(Beginning of Extracted information)
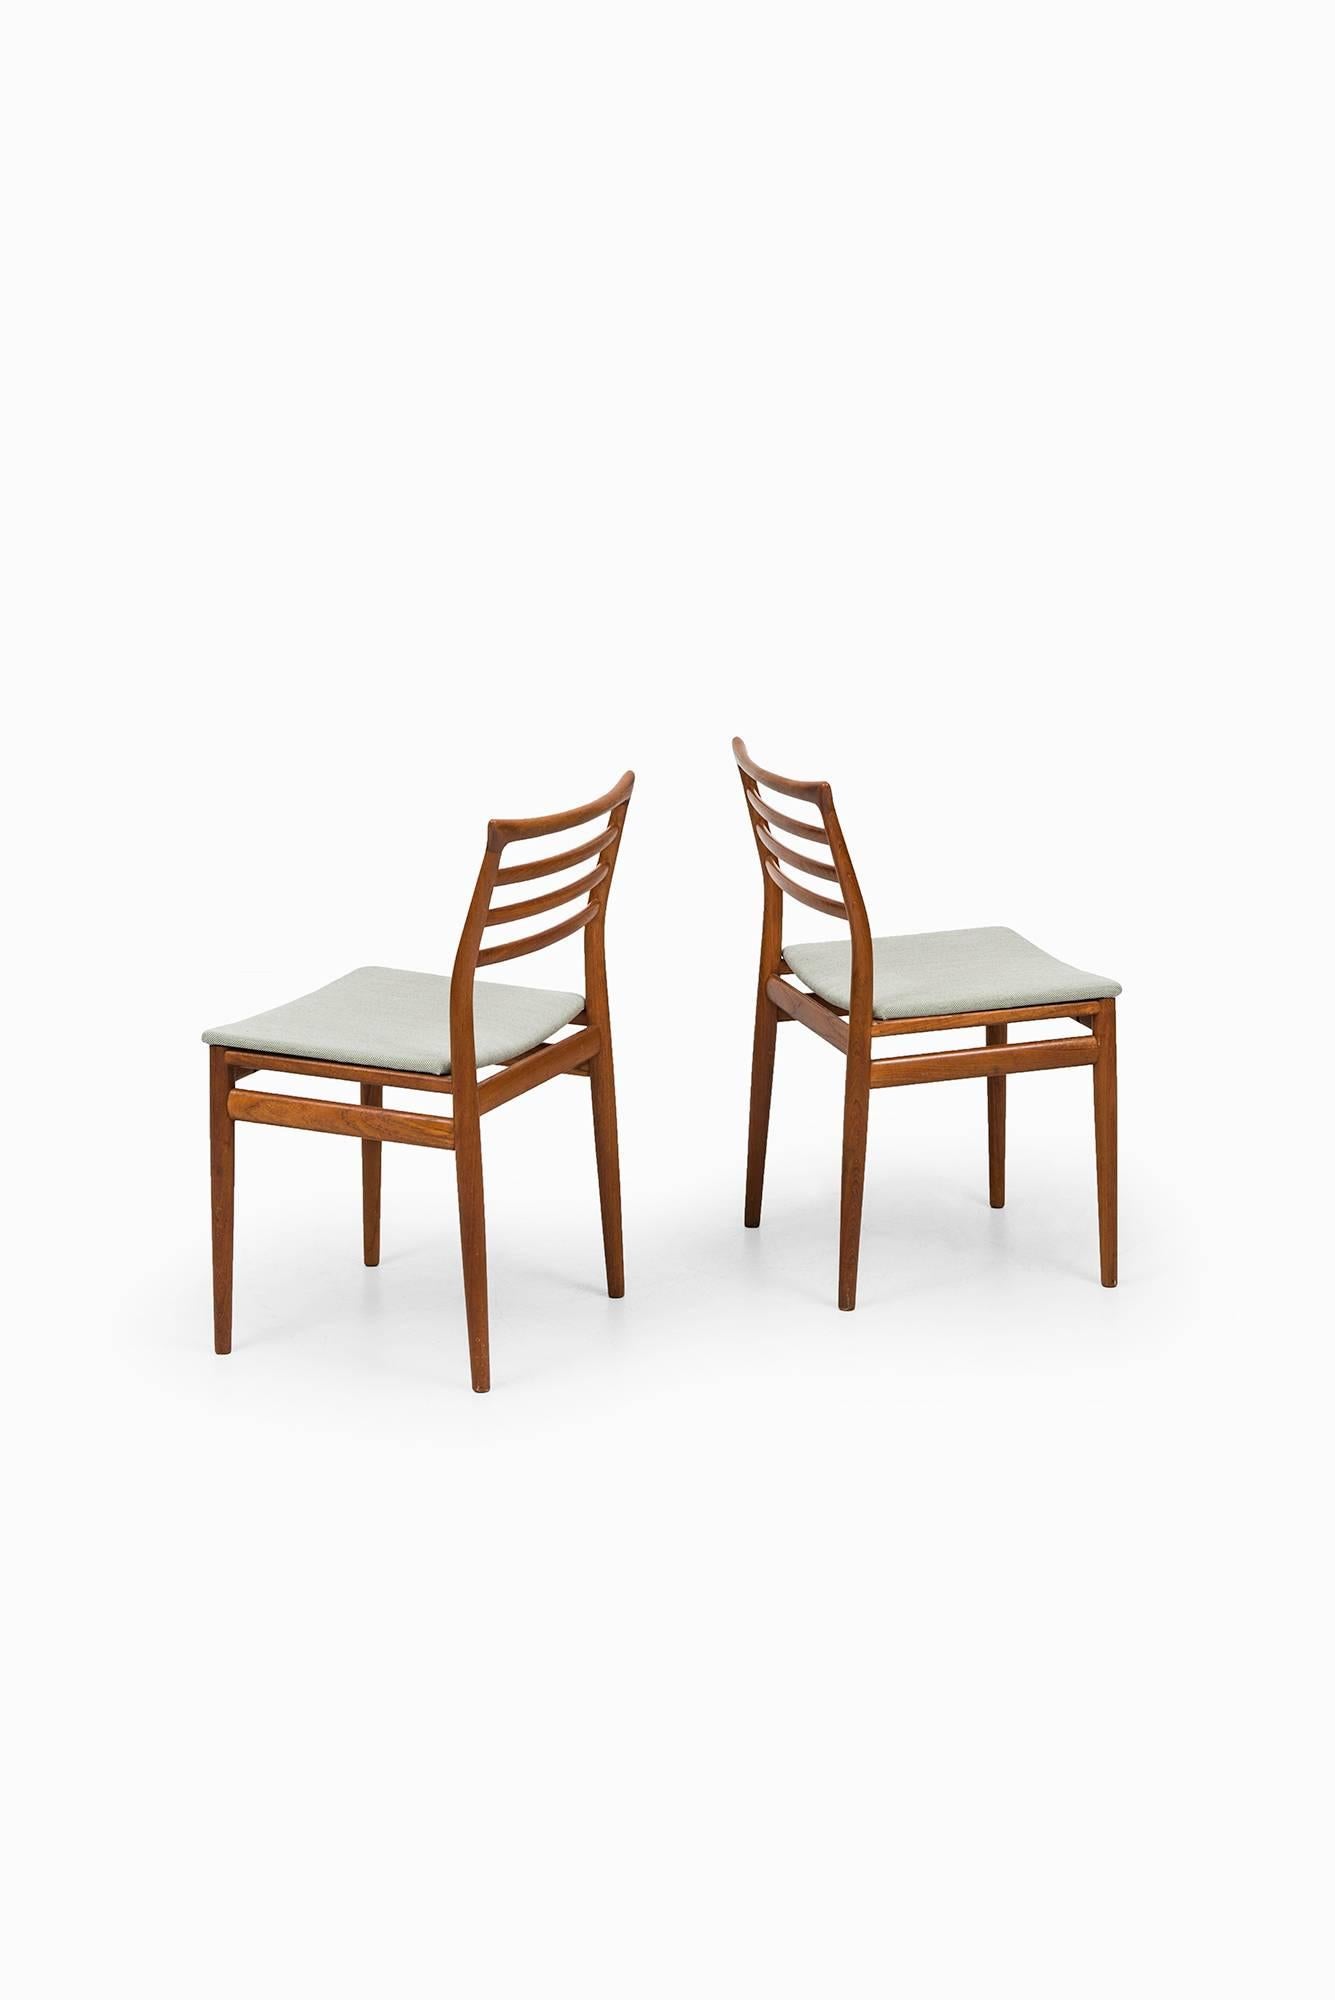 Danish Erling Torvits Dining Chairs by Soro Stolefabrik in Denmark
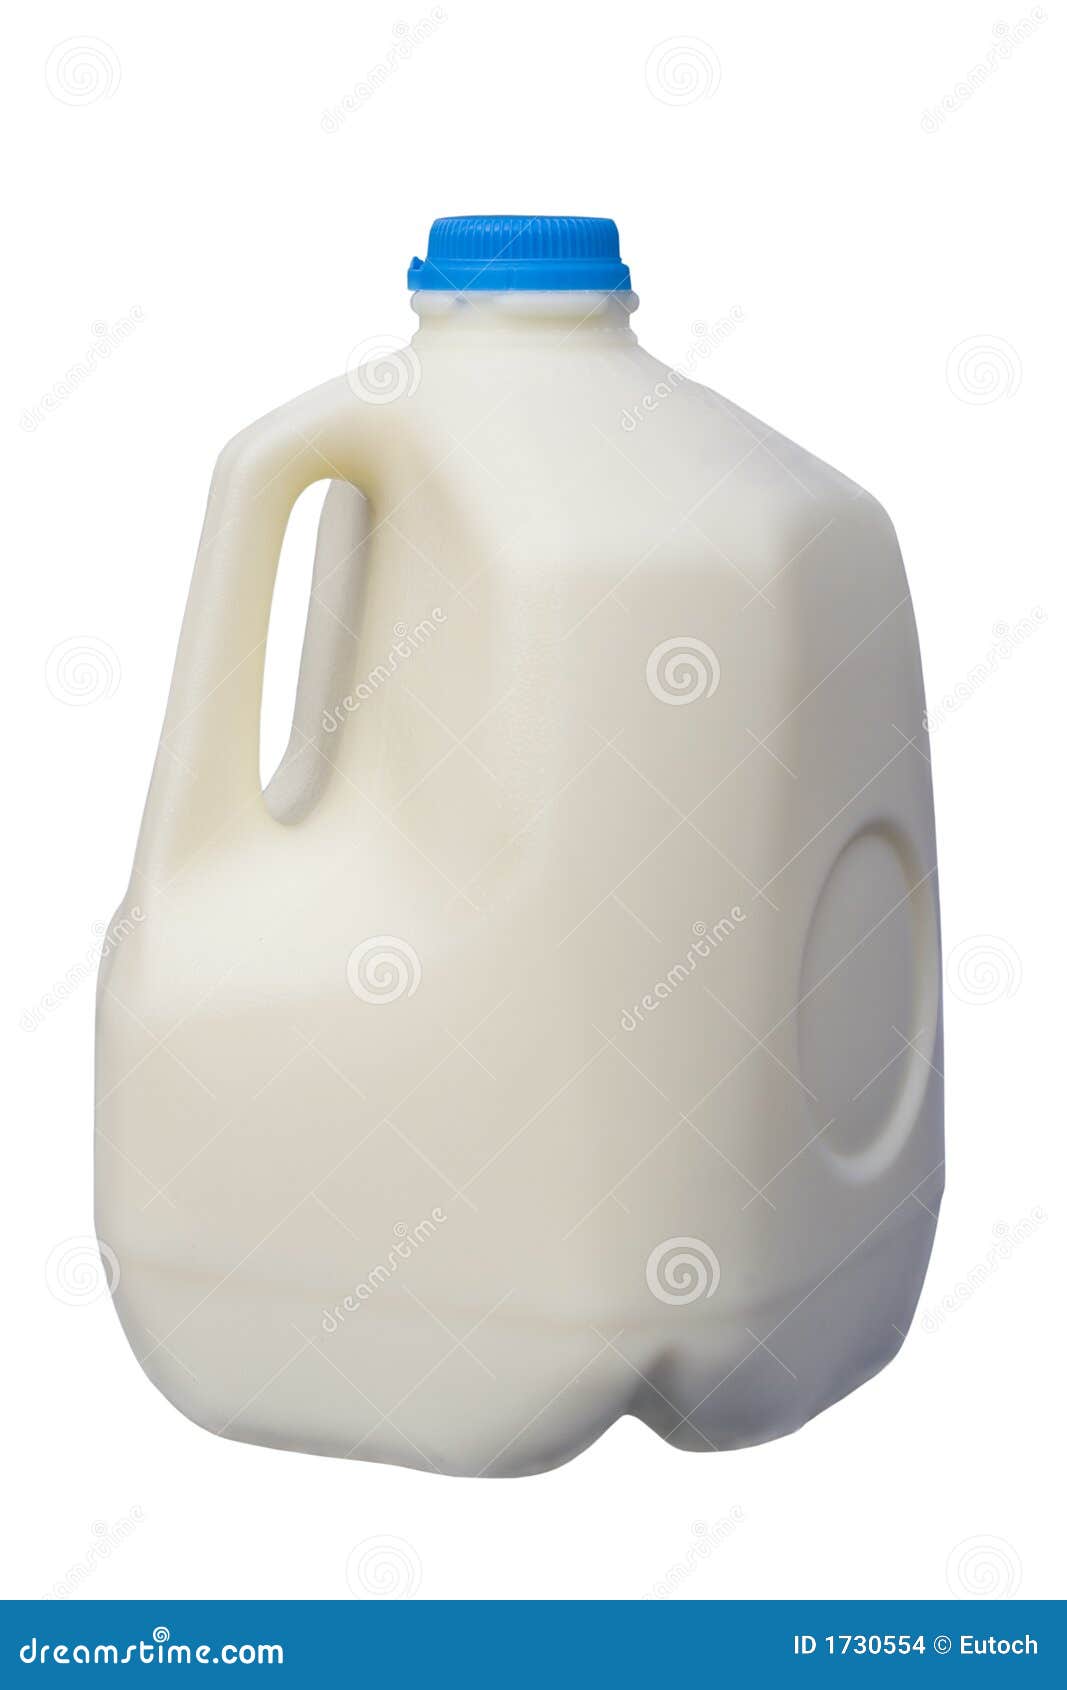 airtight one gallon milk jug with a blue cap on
(End of Extracted information)
(Beginning of Extracted information)
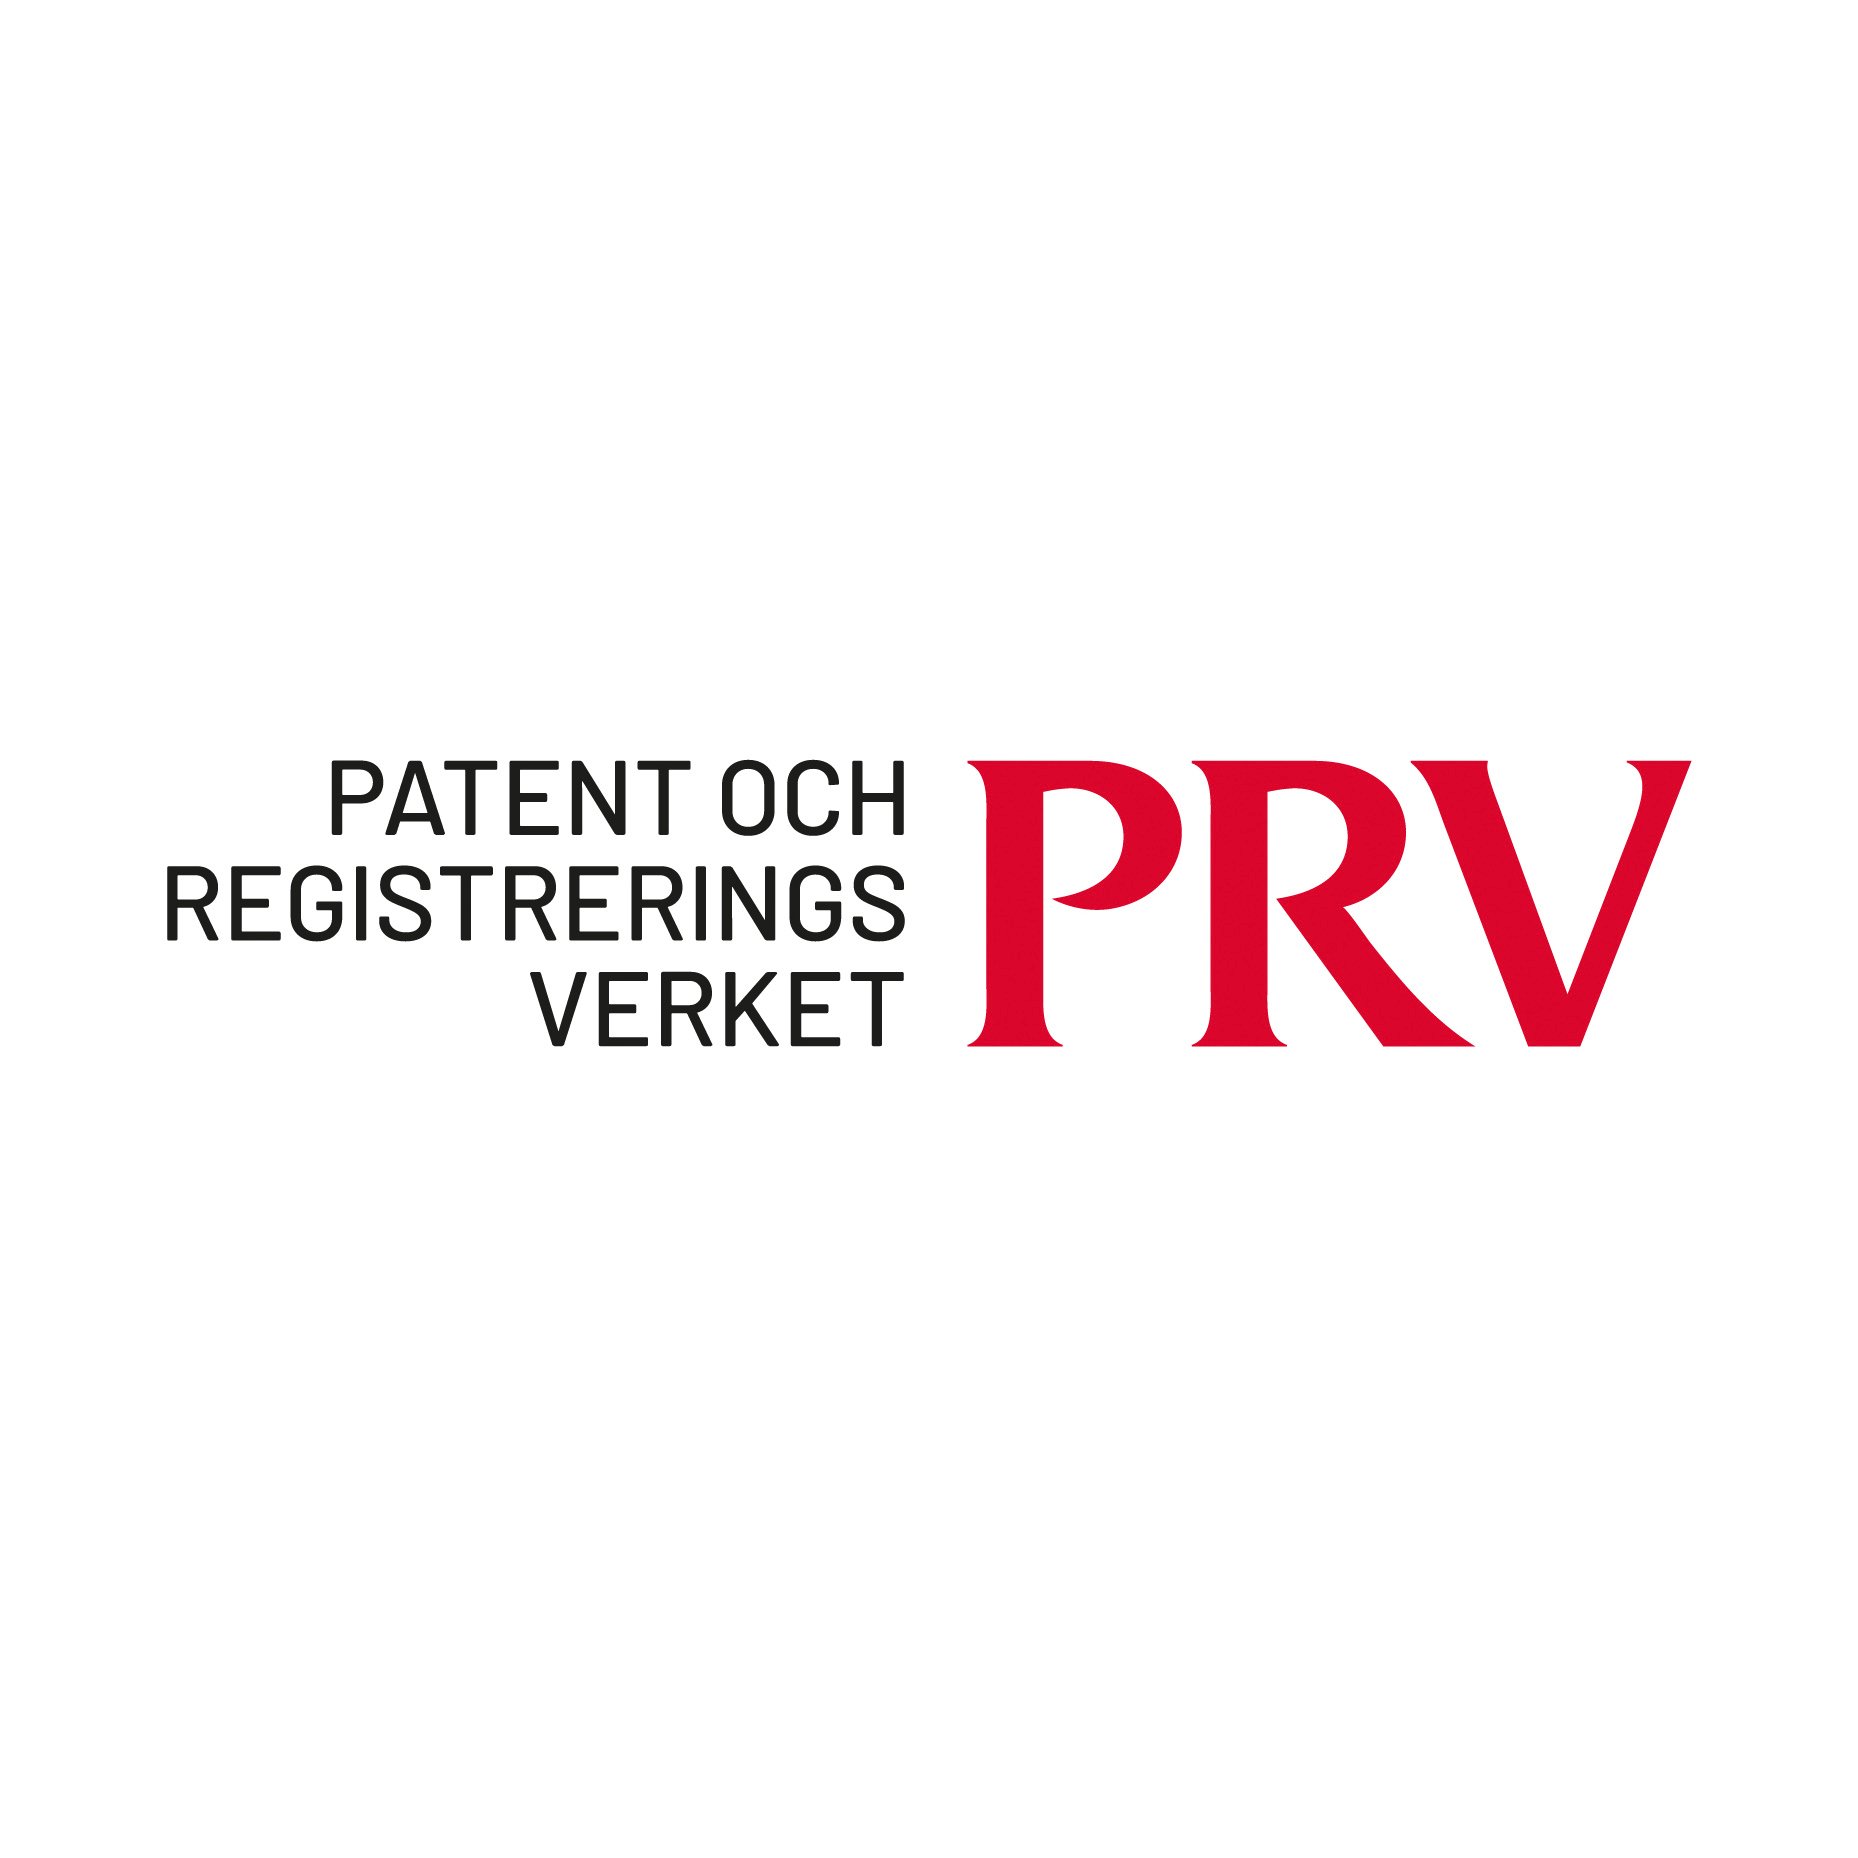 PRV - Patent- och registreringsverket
(End of Extracted information)
■ Exercise brief ■
Leave out every picture, and copy exactly the lines above starting at the one holding "Danish Erling Torvits" and ending at the one holding "airtight one gallon", no more and no less.

■ Response for this exercise ■
 Danish Erling Torvits Dining Chairs by Soro Stolefabrik in Denmark
 airtight one gallon milk jug with a blue cap on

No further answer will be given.